# **CSCE 5218 / CSCE 4930 Deep Learning**

## **The Perceptron Assignment**

## **Question 1**
### Why don't we have the following code snippet instead?
```python
output = predict(weights, instance)
error = instance[-1] - output
```
### **Answer:**
Using `predict(weights, instance)` directly returns a binary output (0 or 1) since it applies a threshold at 0.5, whereas `output = sigmoid(in_value)` provides a continuous value between 0 and 1. This is important for training since the perceptron uses gradient descent, which requires a differentiable function (the sigmoid function). If we used `predict`, the updates would be less precise, and learning would not be as smooth.

## **Question 2**
### Training the Perceptron with different hyperparameters

In [None]:

import math
import re

# Read dataset
def read_data(file_name):
    with open(file_name, 'r') as f:
        data = []
        f.readline()  # Skip header line
        for instance in f.readlines():
            if not re.search(r'\t', instance):
                continue
            instance = list(map(int, instance.strip().split('\t')))
            instance = [-1] + instance  # Add bias term
            data.append(instance)
    return data

# Perceptron helper functions
def dot_product(array1, array2):
    return sum(a * b for a, b in zip(array1, array2))

def sigmoid(x):
    return 1 / (1 + math.exp(-x))

def output(weights, instance):
    return sigmoid(dot_product(weights, instance))

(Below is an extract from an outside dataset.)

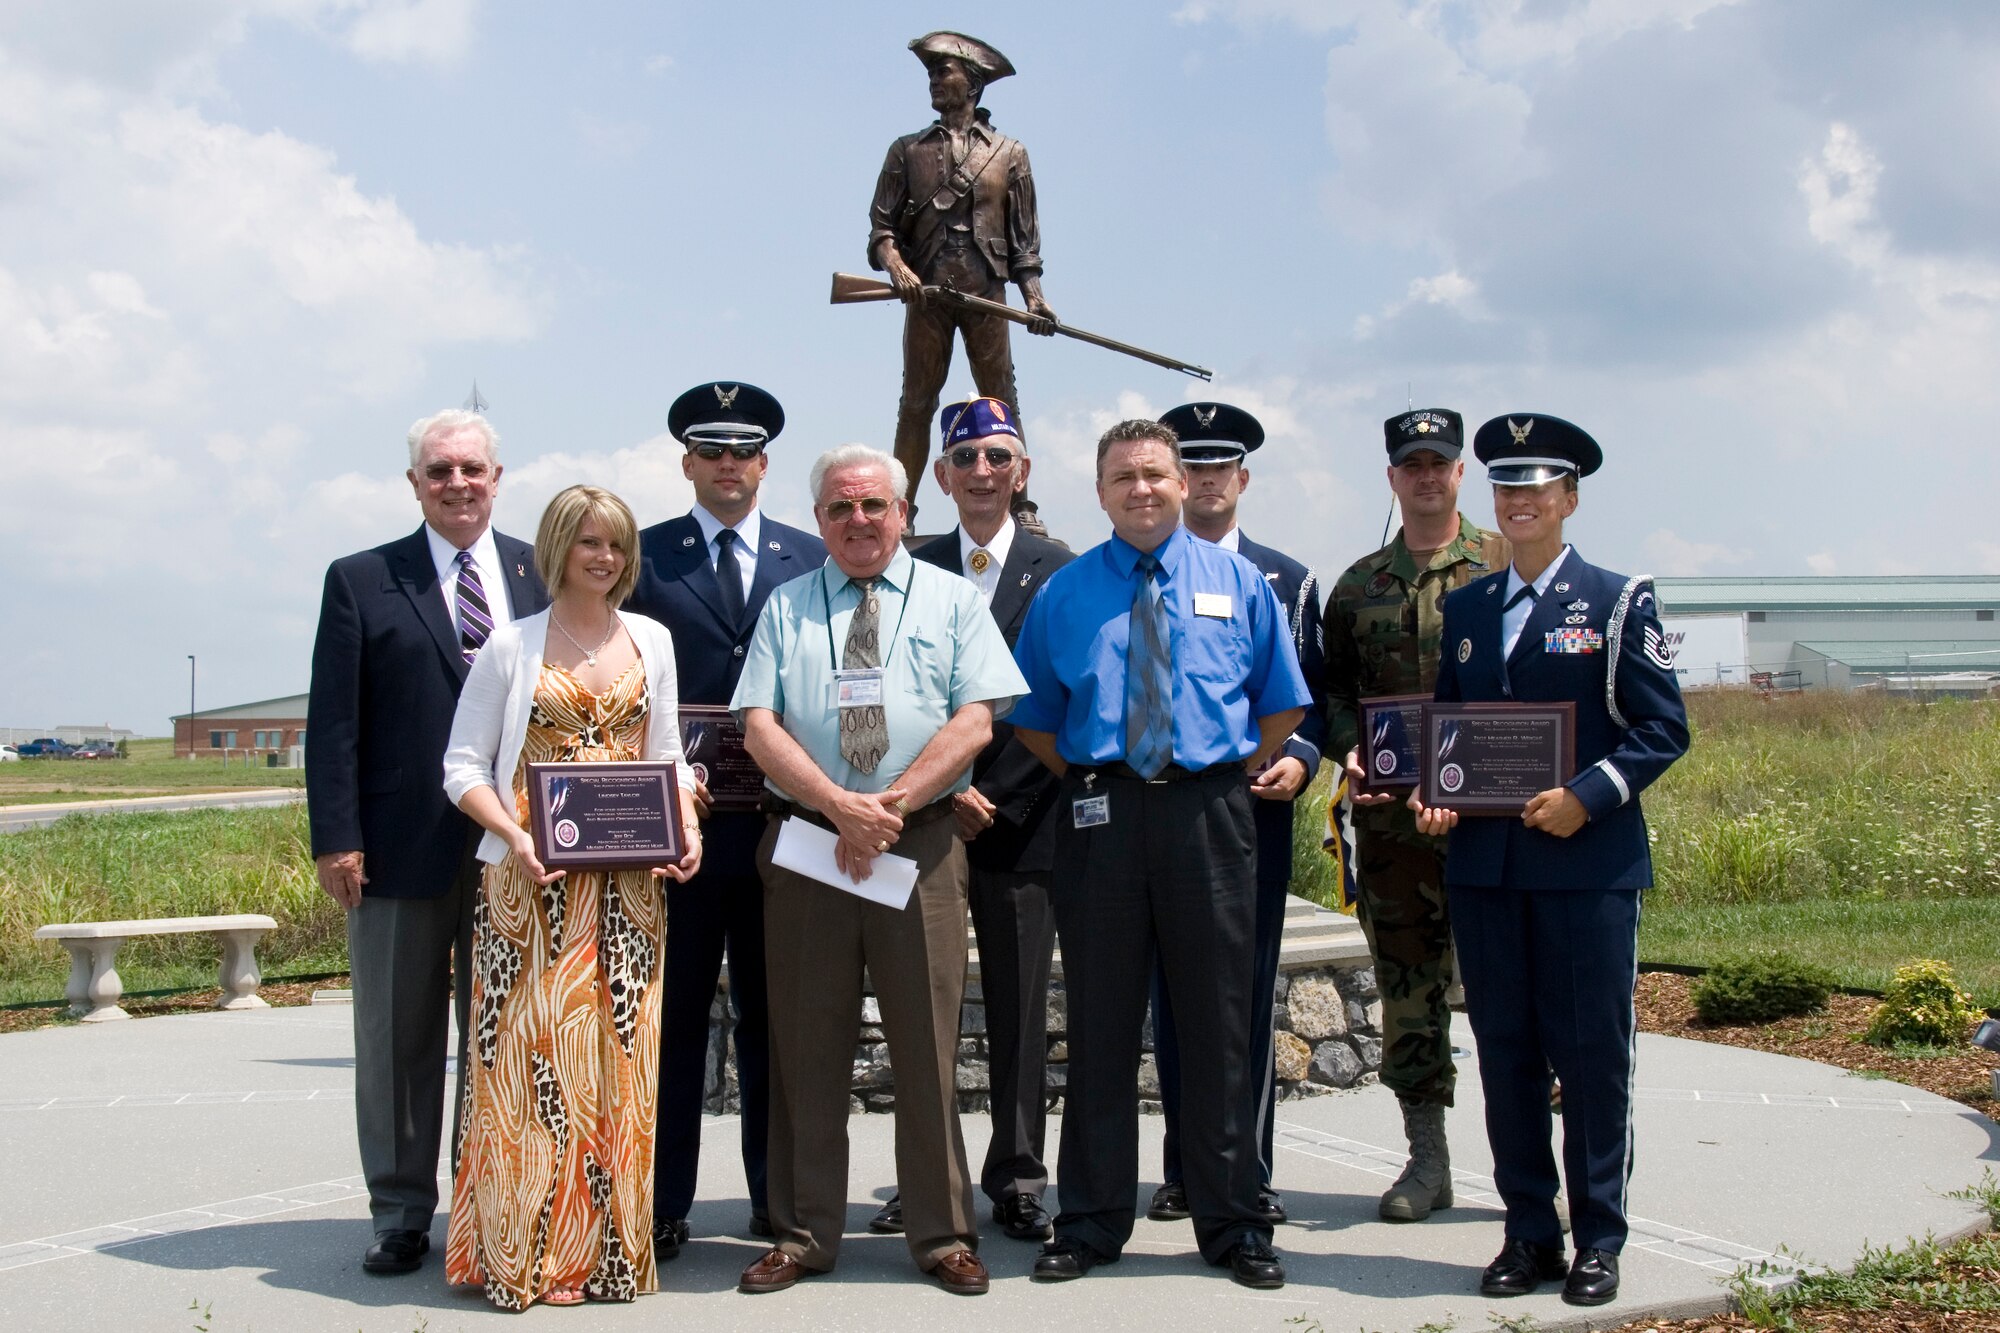 West Virginia Military Order of the Purple Heart presented members of the 167th Airlift Wing Base Honor Guard and Lindsey Taylor plaques of appreciation for their participation in a job fair and business opportunities summit held at the Martinsburg Veterans Administration Medical Center in June. The plaques were presented during a ceremony at the 167th Airlift Wing on August 1, 2009. In the front row, Lindsey Taylor, Otis Batten, Work Force West Virginia, Local Veterans Employment Rep, Monty Hogbin, Work Force West Virginia, Disabled Veterans Outreach Program Specialist, Tech Sergeant Heather Wright. Back row, Cy Kammeier, Commander Chapter 646, Military Order of the Purple Heart, Staff Sergeant Nic Krukowski, Richard Seeley, Department Commander WV, Military Order of the Purple Heart, Tech Sergeant William Stuller, and Major Paul Henry, 167th Airlift Wing Base Honor Guard, Officer in Charge. (U.S. Air Force photo by Master Sgt Emily Beightol-Deyerle)

def predict(weights, instance):
    return 1 if output(weights, instance) >= 0.5 else 0

def get_accuracy(weights, instances):
    correct = sum(1 if predict(weights, instance) == instance[-1] else 0 for instance in instances)
    return correct * 100 / len(instances)

def train_perceptron(instances, lr, epochs):
    weights = [0] * (len(instances[0]) - 1)
    for _ in range(epochs):
        for instance in instances:
            in_value = dot_product(weights, instance)
            out = sigmoid(in_value)
            error = instance[-1] - out
            for i in range(len(weights)):
                weights[i] += lr * error * out * (1 - out) * instance[i]
    return weights

# Load dataset
train_data = read_data("train.txt")
test_data = read_data("test_small.txt")

# Hyperparameters
tr_percent = [5, 10, 25, 50, 75, 100]
num_epochs = [5, 10, 20, 50, 100]
lr_values = [0.005, 0.01, 0.05]

# Train perceptron and store results
results = []
for tr_p in tr_percent:
    tr_size = int(len(train_data) * (tr_p / 100))
    train_subset = train_data[:tr_size]
    for epochs in num_epochs:
        for lr in lr_values:
            weights = train_perceptron(train_subset, lr, epochs)
            accuracy = get_accuracy(weights, test_data)
            results.append(f"# tr: {tr_size}, epochs: {epochs}, learning rate: {lr:.3f}; Accuracy (test, {len(test_data)} instances): {accuracy:.1f}")

# Display results
for res in results:
    print(res)


## **Question 3**
### Interpretation of results

In [None]:

import pandas as pd
import matplotlib.pyplot as plt

# Convert results to DataFrame
data = []
for res in results:
    parts = res.replace("# tr:", "").replace("epochs:", "").replace("learning rate:", "").replace("Accuracy (test, 14 instances):", "").split(";")
    tr_size, epochs, lr, accuracy = map(str.strip, parts)
    data.append([int(tr_size), int(epochs), float(lr), float(accuracy)])

df = pd.DataFrame(data, columns=["Training Size", "Epochs", "Learning Rate", "Accuracy"])

# Plot accuracy trends
plt.figure(figsize=(10, 6))
for lr in df["Learning Rate"].unique():
    subset = df[df["Learning Rate"] == lr]
    plt.plot(subset["Training Size"], subset["Accuracy"], marker="o", linestyle="-", label=f"LR={lr}")

plt.xlabel("Training Size")
plt.ylabel("Accuracy (%)")
plt.title("Accuracy vs. Training Size for Different Learning Rates")
plt.legend()
plt.grid(True)
plt.show()


### **Analysis and Answers**

- **A. Do you need to train with all the training dataset to get the highest accuracy with the test dataset?**  
  Not necessarily. In some cases, a subset of the data provides similar accuracy. Adding too much data may introduce noise.

- **B. Why does training the second run obtain worse accuracy than the first one, even with more data?**  
  This could be due to overfitting or suboptimal learning rates. More data does not always mean better generalization.

- **C. Can you get higher accuracy with additional hyperparameters (higher than 80.0)?**  
  Yes, adjusting learning rates or using different activation functions might improve performance.

- **D. Is it always worth training for more epochs?**  
  No. Sometimes more epochs lead to overfitting, decreasing generalization on test data.